En outre, l’occupation de travailleurs intérimaires est en principe interdite pendant une grève. Mais quand est-il réellement question d'une grève ?

 

Droit à la rémunération pour les travailleurs désireux de travailler?

Puisque les actions ont été annoncées à l'avance et que l'on sait que les transports publics seront également perturbés, un travailleur désireux de travailler qui n'arrive pas à son lieu de travail ou qui n'y arrive pas à l'heure en raison des actions du personnel des transports publics n'a pas droit au paiement des heures non travaillées. Le travailleur savait (à l’avance) que les transports publics seraient perturbés. Il aurait donc dû prendre les mesures nécessaires pour rejoindre son lieu de travail.
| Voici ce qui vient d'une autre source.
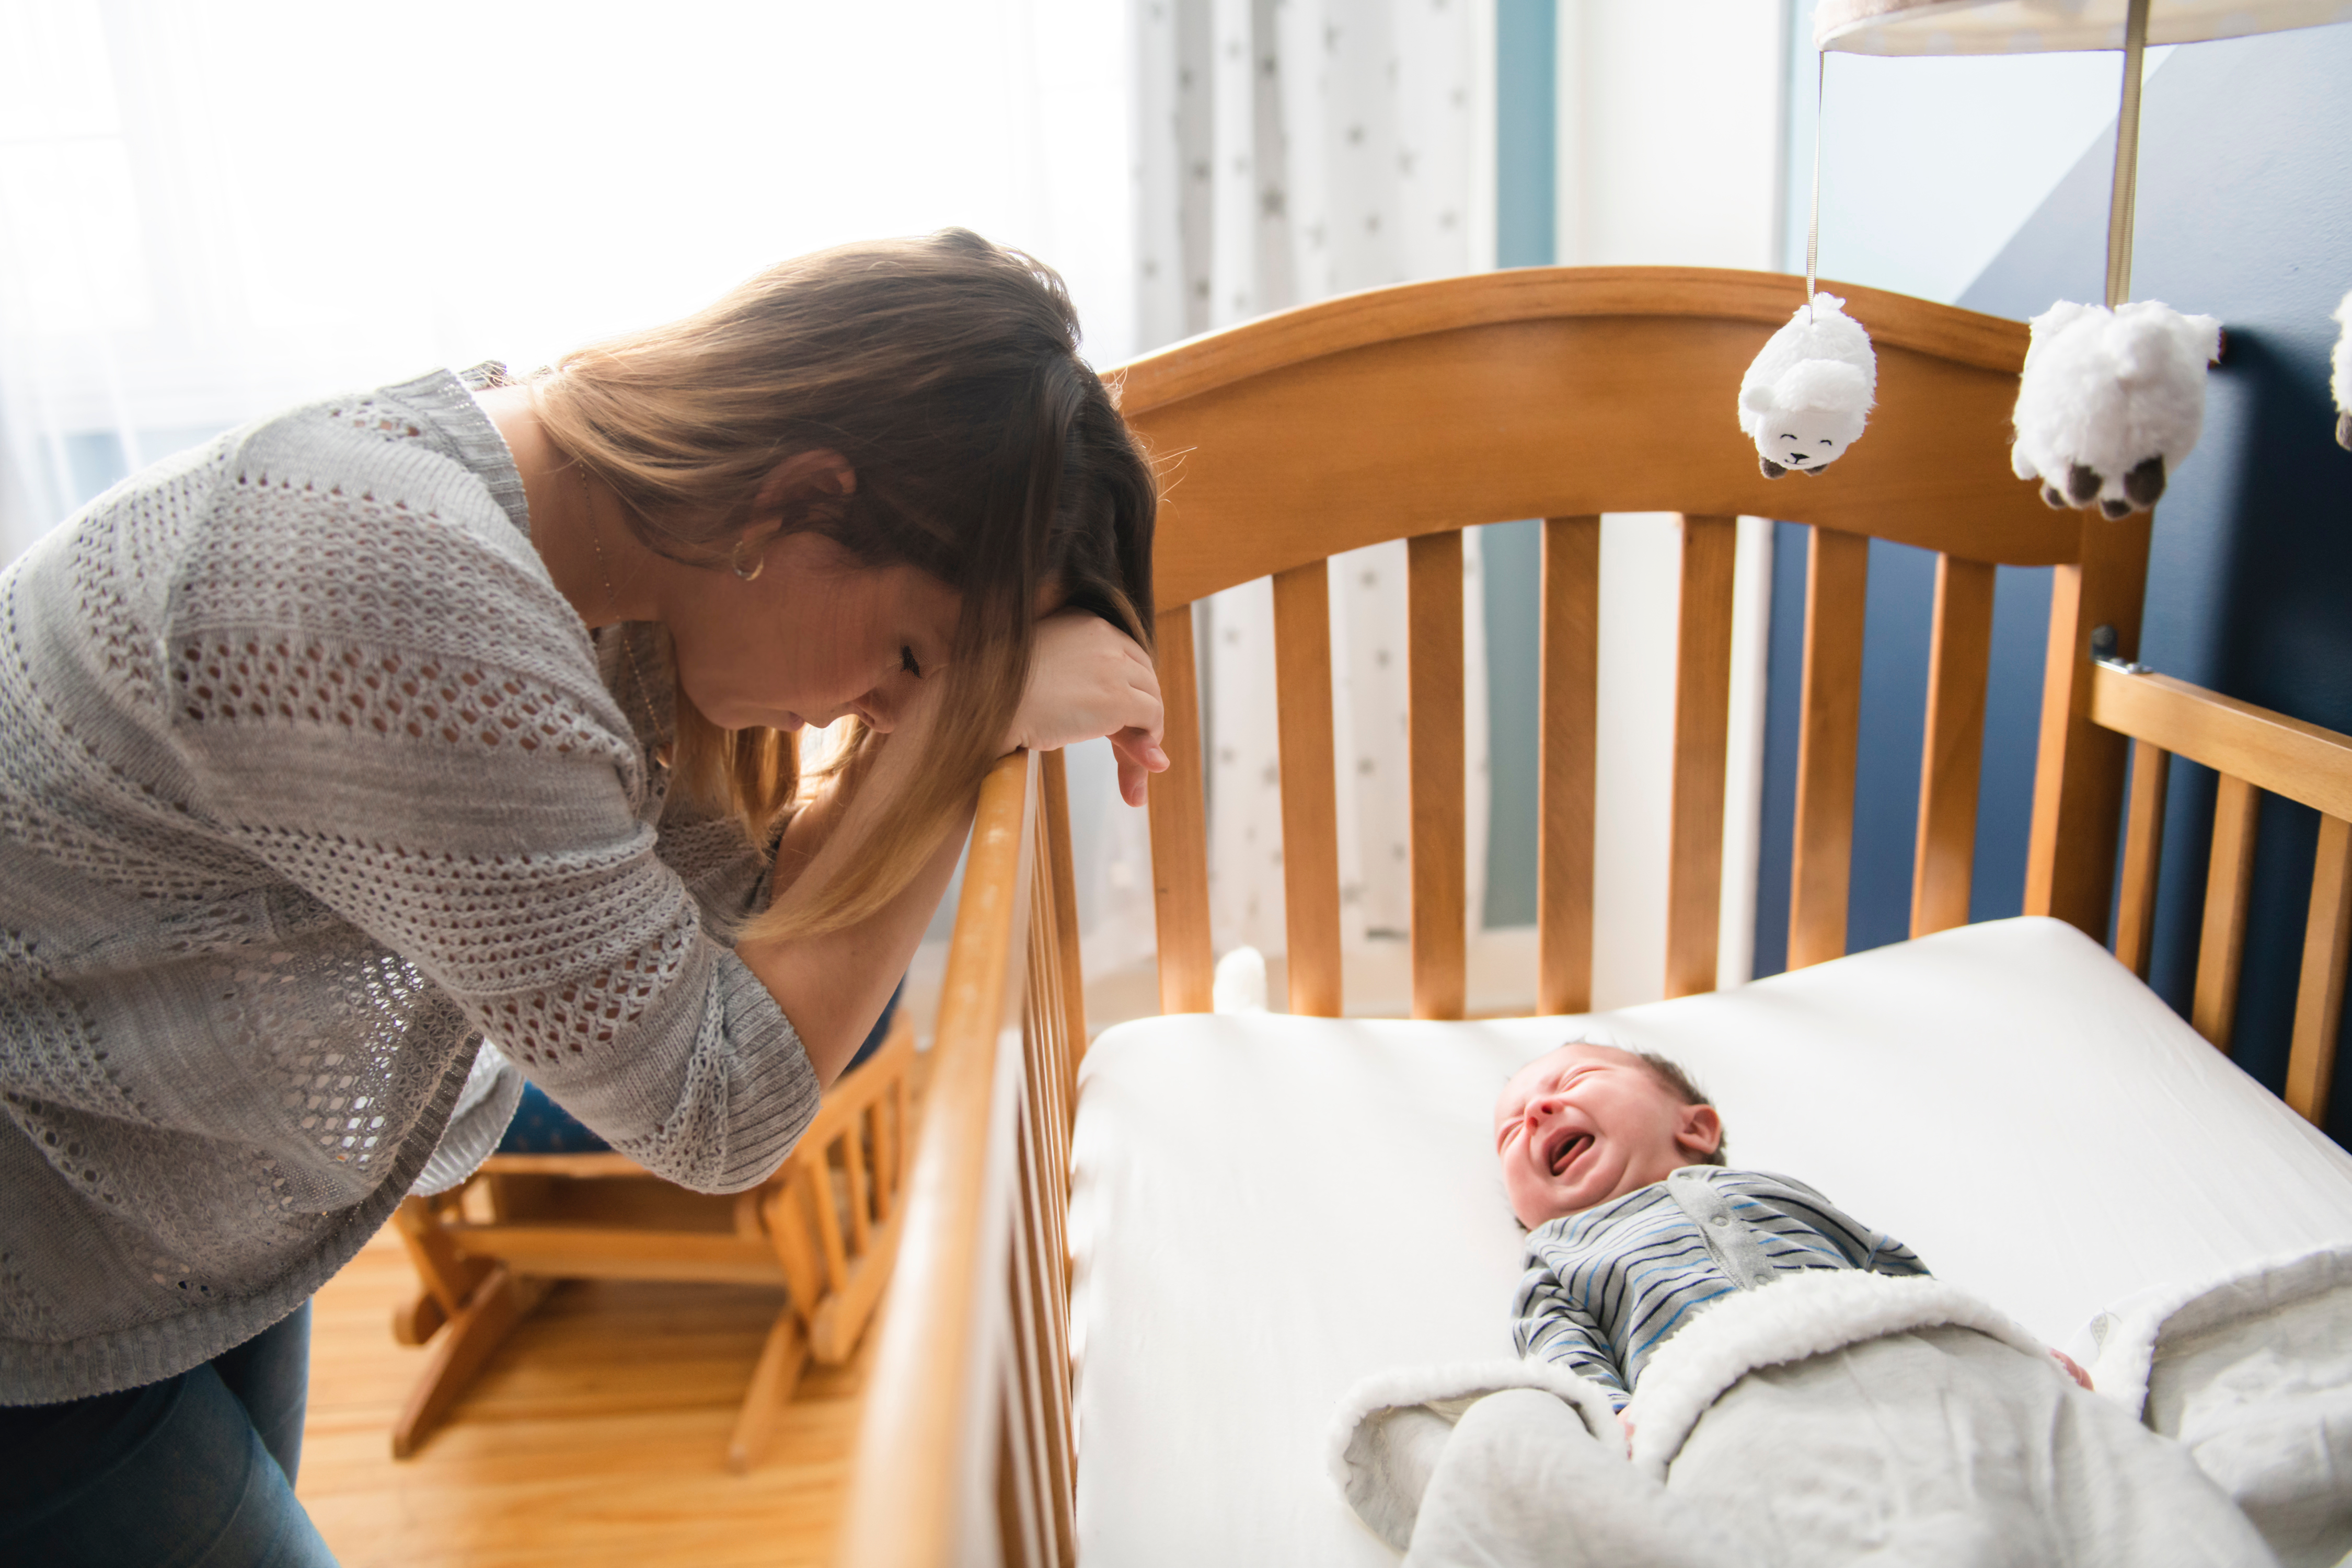 Une mère fatiguée avec un bébé qui pleure | Source : Shutterstock

Il est cependant conseillé d'informer vos travailleurs à l'avance qu'aucune rémunération ne sera versée pour les heures non travaillées aux travailleurs qui - en raison de la perturbation des transports publics - arrivent en retard ou ne rejoignent pas leur lieu de travail. Il est préférable - si cela est possible pour les fonctions concernées - de leur indiquer des alternatives (par exemple, le télétravail, la prise de congés payés).

Occupation de travailleurs intérimaires : jusqu'où va l'interdiction ?

La convention collective de travail n° 108 prévoit qu'une entreprise de travail intérimaire ne peut pas mettre des travailleurs intérimaires ou les maintenir au travail chez un utilisateur pendant une grève (ou un lock-out). L'interdiction semble formulée de manière large, mais l'intention sous-jacente est claire : il faut éviter qu'une action de grève puisse être « brisée » en remplaçant les grévistes par des travailleurs intérimaires. Dans ce cas, la grève manquerait effectivement son objectif et le droit de grève serait en pratique vidé de sa substance.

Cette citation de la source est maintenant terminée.